Неужели ты забыл, Игорь, как в начале семидесятых ты стал ответработником ЦК, "спичрайтером" и консультантом? Ты, человек строгих антисоветских убеждений, которыми ты так всегда гордился, - забыл? Я знаю, что ты не был там в аппарате самым "чего-изволите" товарищем, ты знал себе цену - так или иначе, ты был одним из немногих тогда высоколобых интеллектуалов, что читали Шопенгауэра и Ницше, Соловьева и Федорова, Фрейда и Эйнштейна, Розанова и Сартра, Деррида и Леви-Страуса; список далеко не исчерпан, о нет! - но разве это не ты и твои новые товарищи, циничные интеллектуалы партии, сочиняли для Брежнева и Андропова перлы вроде "Движимый высоким духом международной солидарности, советский народ единодушно поддерживает правительство Бабрака Кармаля в его благородной борьбе против происков американского империализма", - не ты?
Неужели ты забыл, Игорь, как однажды в конце семидесятых во время нашей случайной - или не случайной? - встречи ты дал мне понять, что нам не стоит поддерживать дружеские связи, особенно ввиду того, что я все больше дрейфую в сторону врагов режима? "Судьба слепа, но каждый встречает её поодиночке", - разве это не ты отчеканил тогда эту мудрость перед тем, как мы расстались?

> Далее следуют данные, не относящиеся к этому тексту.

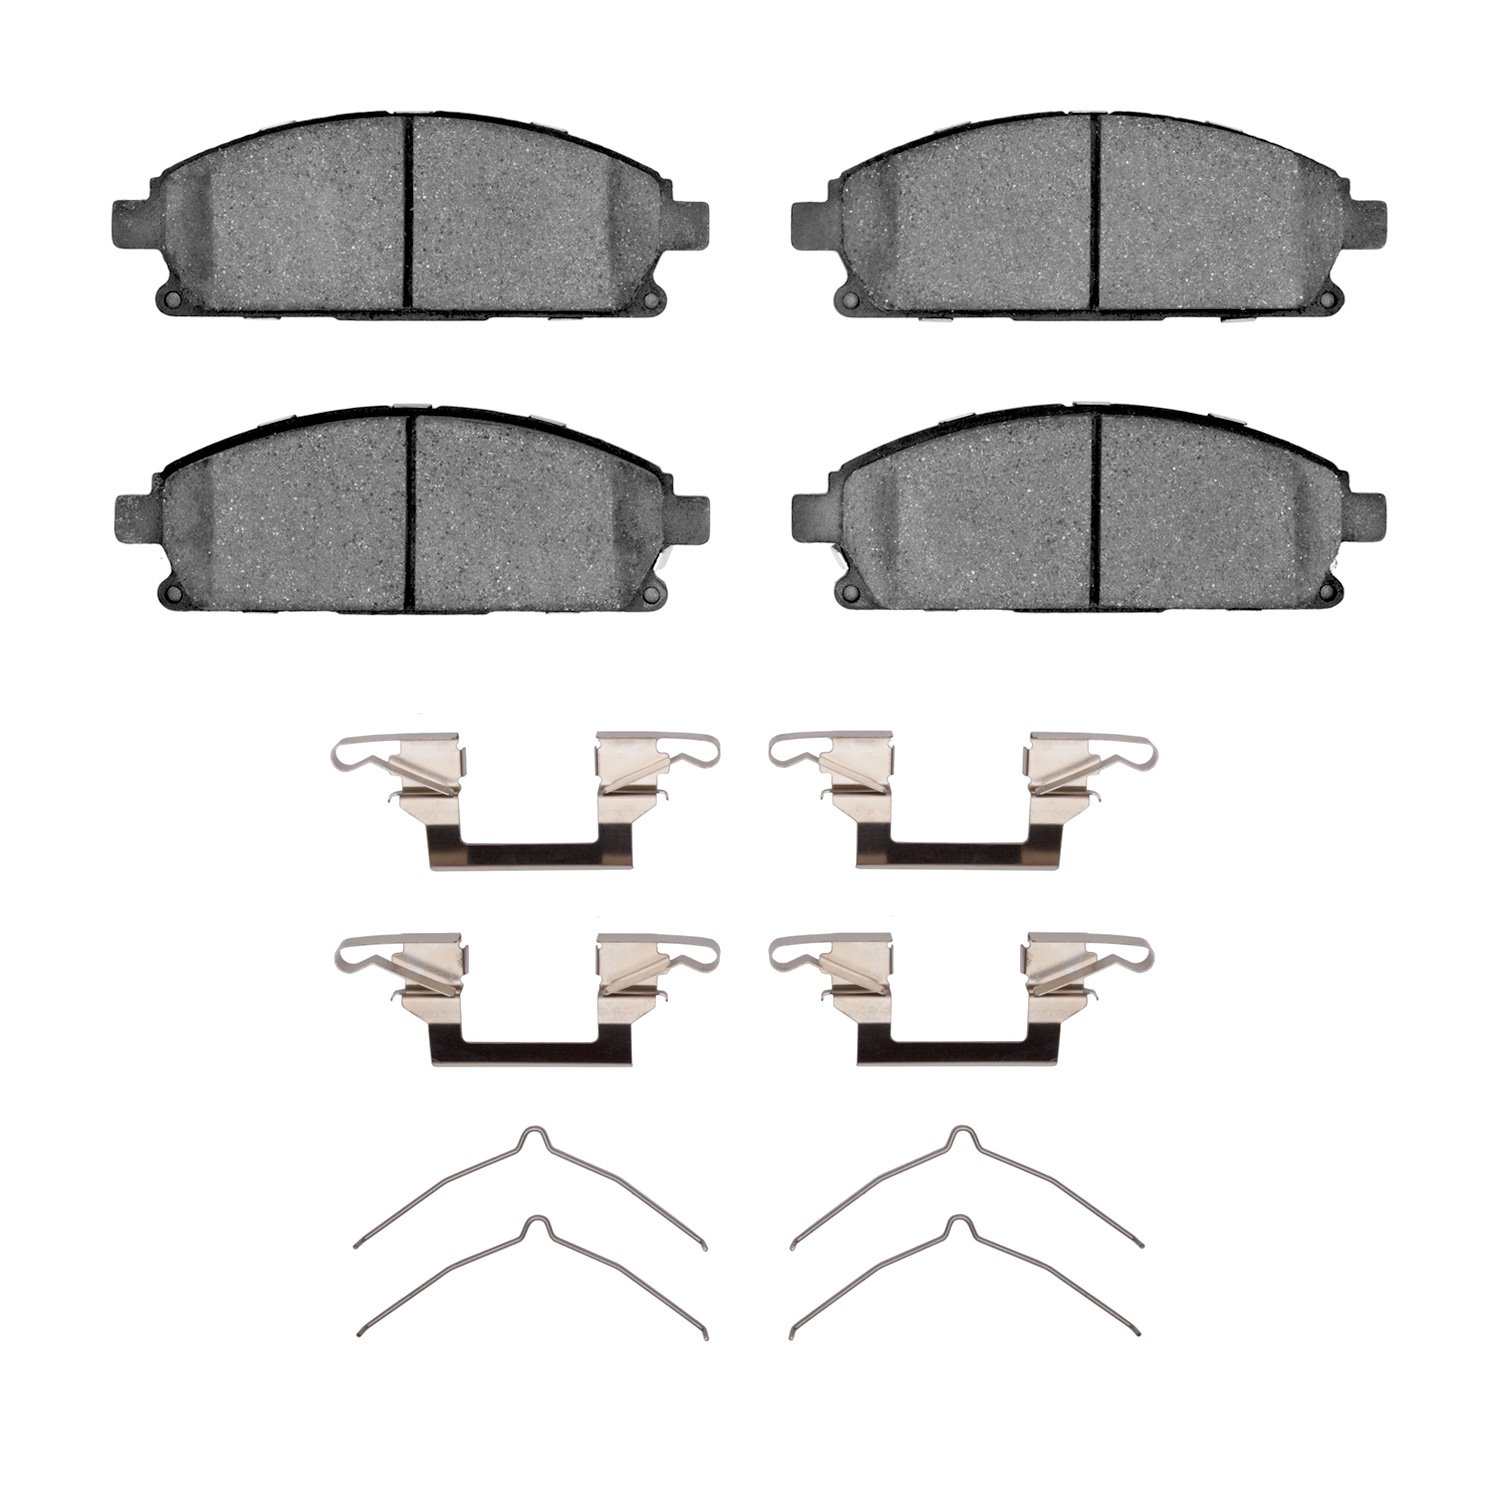 1311-0691-02 3000-Series Semi-Metallic Brake Pads & Hardware Kit, 1996-2004 Infiniti/Nissan, Position: Front

"Между прочим, - ты говоришь сейчас, - у нас тебя ждет обалденный сюрприз".
"Не сомневаюсь", - говорю я.
"Что ты имеешь в виду?" - удивляешься ты.
Я лишь вздыхаю в ответ.
"Машина нужна? - В этом месте ты немного спотыкаешься, видимо вспомнив цэковские машины. - Я могу послать за тобой машину".
"Не нужно, я приеду на троллейбусе".
"На троллейбусе? - Ты хохочешь. - Любка, воображаешь, Стас собирается к нам на троллейбусе!"
"А почему же нет, - бормочу я. - У меня тут сто шестнадцатый прямо под окном, а ведь он идет, если память не изменяет, прямо к метро "Князь Кропоткин".
Ты определенно тронут, вплоть до того, что и меня трогают какие-то трогательные нотки в твоем голосе.
"Предлагаешь встретиться на том же месте, где тридцать лет назад? Возле "Моссправки"?
"Точно!"
"Стас Ваксино!"
"Игорь Горелик!"
Договорились. Ожидается ужин с приятными воспоминаниями.
Выхожу из дома. Под высокой аркой постоянный поток окиси углерода маскируется под ветер из чьего-то непорочного детства. Траффик застрял по всему перекрестку. Единственным движущимся объектом в этом параличе оказывается только что упомянутый 116-й троллейбус с его щупальцами на крыше.
На остановке оттуда никто не вываливается. Никакой душегубки внутри пожалуй, даже пустовато. Несколько пассажиров с ухмылочками, с приплевочками покидают т.е. Никто не собирается штурмовать двери. Впечатление такое, что т.е. прибыло не из московской сутолоки, а из буколического рассказа. Никто вообще не садится, кроме автора.
Не успел я войти, как двери закрылись с громким шипением. "Не успел" следует понимать буквально, поскольку часть моей левой ноги оказалась зажатой между двух полой резины. После минуты неуклюжей борьбы, уже на ходу, я воссоединяюсь со своей конечностью. Все в порядке, ничего серьезного - полоса грязи на светлых брюках не считается.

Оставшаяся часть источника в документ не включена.